"Cuz we all play a part in history and we all end up just a memory."
This translates to average Joes playing dice with God, tired of being merely grains of sand on the ocean floors of time. Sullen black crosses brought down by the awareness of having no answers, but only a thousand horizons to gaze beyond. Everyday life as a work of art of inestimable uniqueness.
Damn, what the Strung Out have done to us.
Jason Cruz gets excited thinking about Andy Warhol and, inspired by Kerouac, immortalizes in enlightening beat verses the present and its psycho-institutional-social metastasis: vivid aberrations where convulsive lysergic escapes from reality pulse, romantic horror vacui, and plastic Jesus without a soul to sacrifice the body. The only existing remedy: abandon the path and follow your own rules, go off the grid conscious of the immense value of being unique, knowing that nothing can ever replace it. "Panta rei," said Heraclitus. And the Strung Out seem to know it very well.

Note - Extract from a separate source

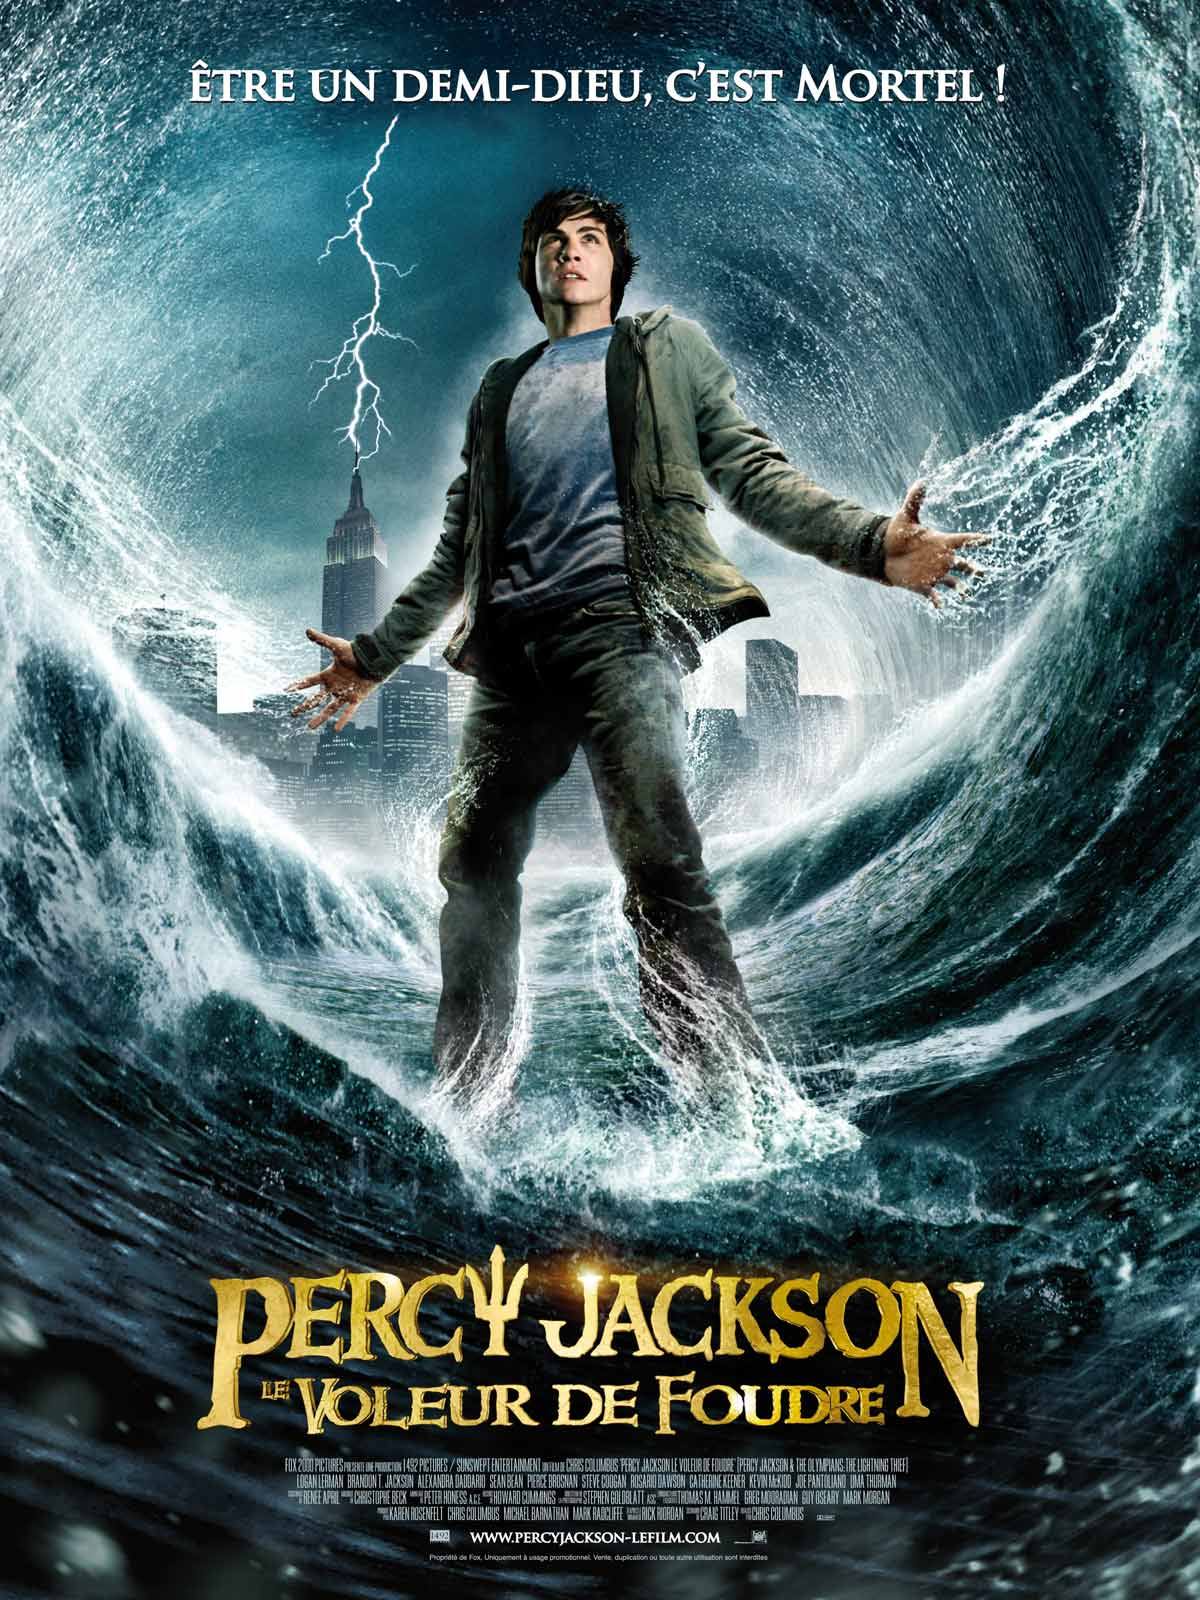 Percy Jackson The Olympians The Lightning Thief 2010 Photo Gallery Imdb

The powerful rhythm section of Jordan Burns and Chris Aiken sets the pace for the masterful guitar explosions of Jake Kiley and Rob Ramos, which never translate into sterile onanism but shape an ordered and elegant chaos that addicts the listener by removing every point of reference; a new exile into oblivion (but far less self-referential and complacent) agitated by epileptic tapping and overdoses of harmonics, but also cradled by melodically expansive riffs, whistles, and onomatopoeias always blending into exceptional solutions.
What more can be said without slipping into the superfluous? Nothing, except that Strung Out keep the number of tracks contained (hooray...), finally hitting the target, no ifs, no buts. "Agents Of The Underground" is a shining example of complex simplicity, an excellent pop record with strong hardcore veins, dominated by the darting phrases of the Ramos-Kiley duo and the abrasive and captivating vocal lines of the most inspired Jason Cruz ever. Hard to choose between the apocalyptic assaults of "Black Crosses", the pentatonic delirium of "Jack Knife", or the climax with a Maiden-like peak of "Dead Spaces". "In the future, everyone will be famous for fifteen minutes," said Andy Warhol. Strung Out will be famous for thirty-seven minutes. These. A masterpiece.